Correcting naïve Sensitivity and Specificity for classifier tested against imperfect gold standard I am writing a supervised classifier for a particular condition.
I have two sets of data for my "gold standard", against which I will test my classifier:


*

*a Positive set, in which all samples have the condition;

*a Negative set, in which none have the condition.

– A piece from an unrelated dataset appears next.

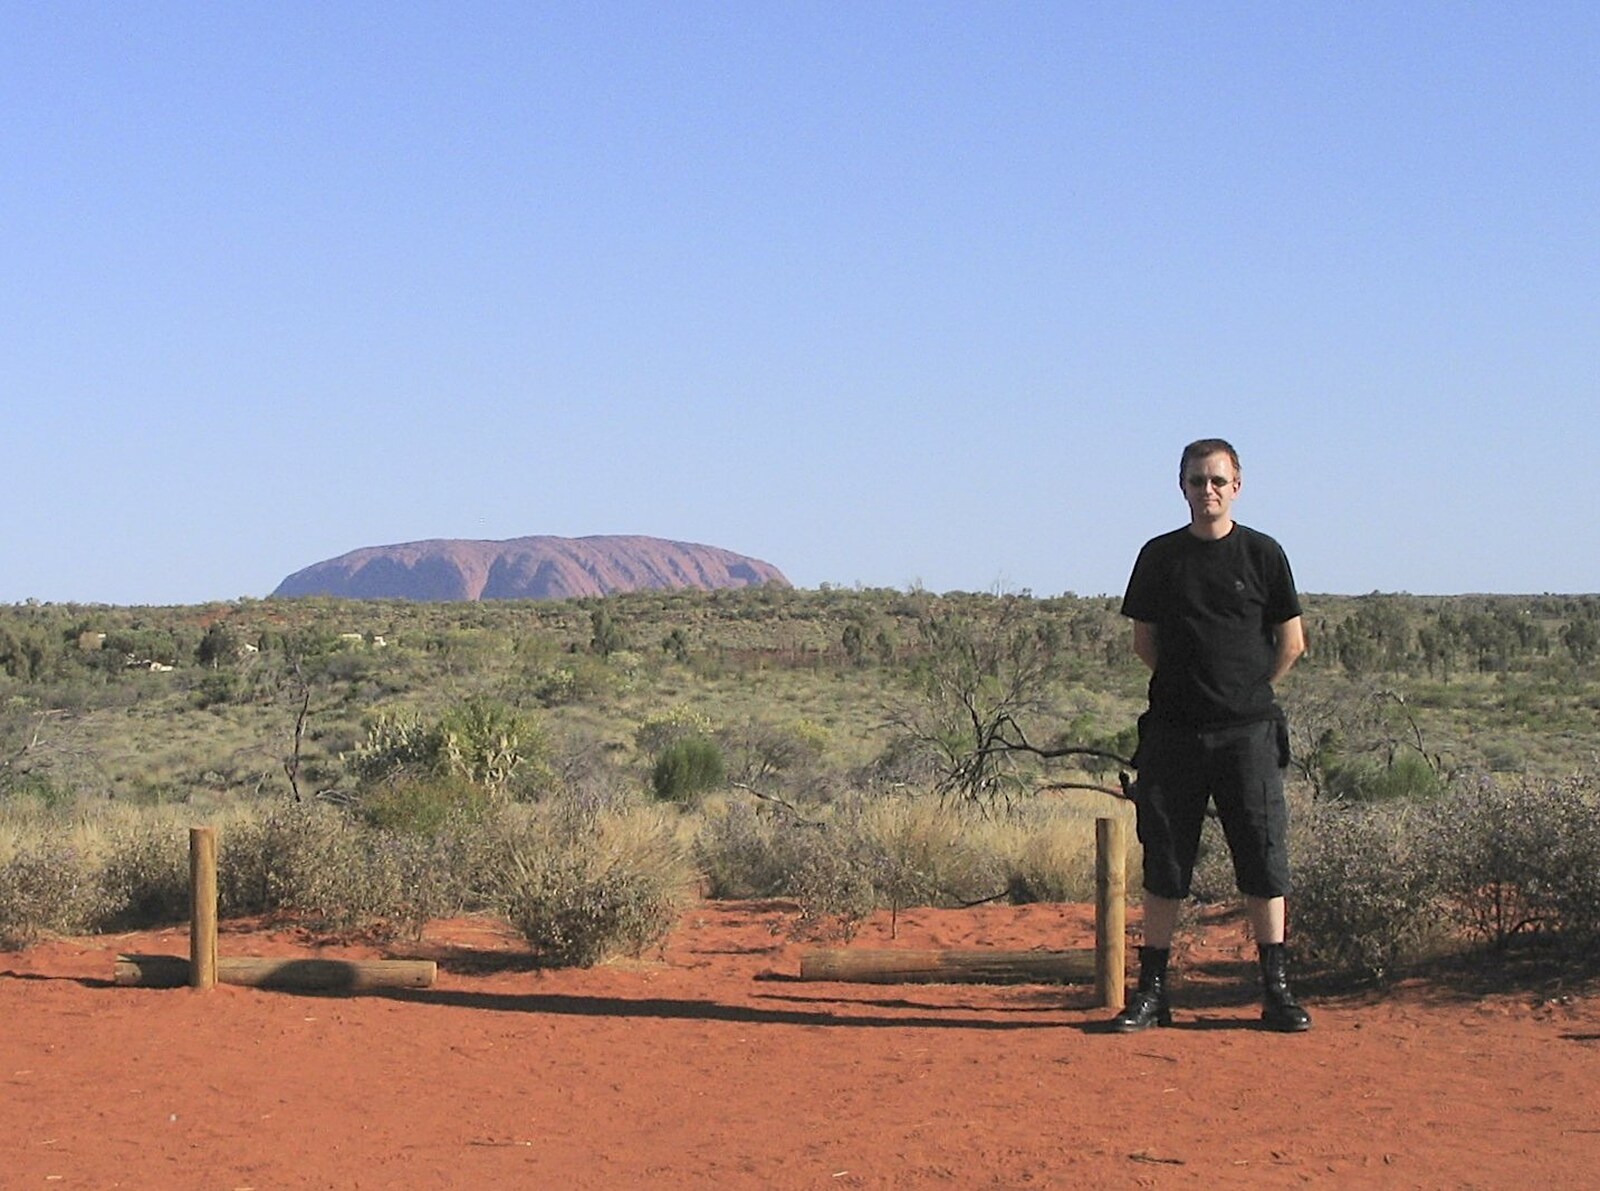 A selfie with Uluru from The Red Centre: Yulara and Uluru, Northern Territories, Australia - 8th October 2004
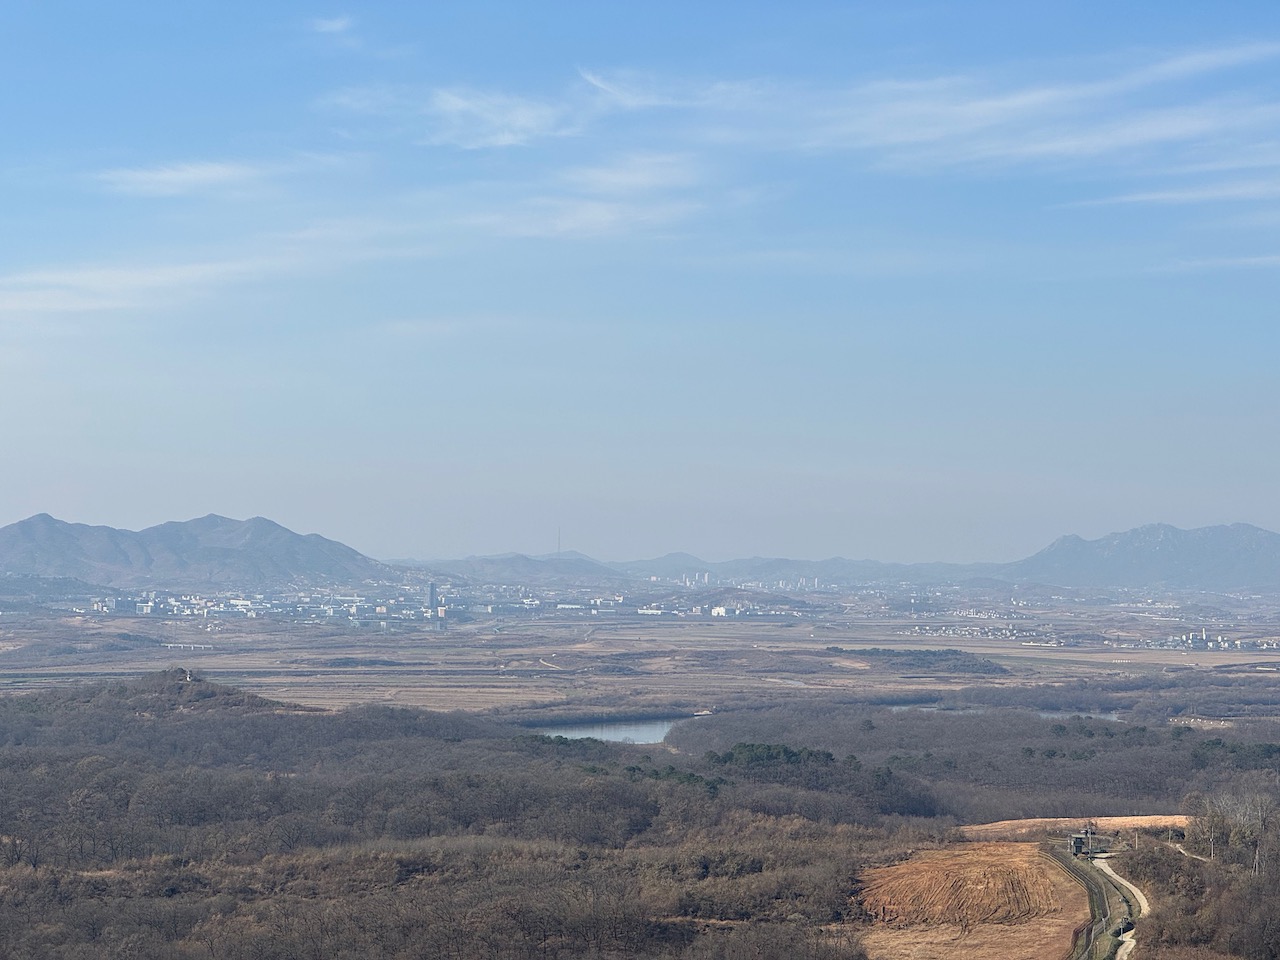 North Korea, with Gaeseong city in the background

For illustration purposes, here are the results of my classifier, aka the confusion matrix:
| TP=354 | FP= 20 |
|--------|--------|
| FN= 69 | TN=404 |

That gives Sensitivity=84% and Specificity=95%
The problem
I am not sure that the Gold Standard data has itself 100% sensitivity and 100% specificity. I estimate 95% sensitivity for the positive condition, and 90% specificity for the negative condition.
How can I adjust my results? Or how to communicate this uncertainty? 
 A: Hugues,
This should be relatively straightforward given one very crucial assumption, that we will get to.  Let's establish some notation.  Let's define $X$ to be the random variable obtained by randomly selecting a data point from your set and classifying it using your classifier.  $Y$ as the random variable obtained by randomly selecting a data point from your set and getting it's gold standard class label.  And $Z$ as the random variable obtained by randomly selecting a data point from your set and getting its true label.
Now let's summarize the information we have so far.  The things we know or believe we know are
$$
P(X|Y=1), P(X|Y=0), P(Y|Z=1), P(Y|Z=0).
$$
These are given by the sensitivity and specificity values that you have measured or assumed.  So more succinctly we know:
$$
P(X|Y), P(Y|Z)
$$
What we want to know is $P(X|Z)$, the true sensitivity and specificity of your classifier.  We can obtain this from $P(X,Y|Z)$ by summing over all (both) possible values of $Y$, if we can get $P(X,Y|Z)$.  It is a simple consequence of the definition of conditional probability that
$$
P(X,Y|Z) = P(X|Y,Z) \cdot P(Y|Z),
$$
[if this is new to you remove the Z and it will be quite familiar].  But we don't know $P(X|Y,Z)$.  Therefore the pivotal assumption, without which I don't think we can do anything (unless you know the true label of individuals in which case you should train on that), is that $X,Z$ are conditionally independent, given $Y$, in which case $P(X|Y,Z) = P(X|Y)$, that is the only way the true label effects your prediction is by effecting the (gold) label you used to train your predictor.
So if your comfortable with that assumption, then we can proceed to calculate:
$$
P(X=1|Z=1) = P(X=1|Y=1)P(Y=1|Z=1) + P(X=1|Y=0)P(Y=0|Z=1) = 0.84\cdot0.95 + 0.05\cdot0.05
$$
I will leave the other calculation to you.  Hope this was helpful!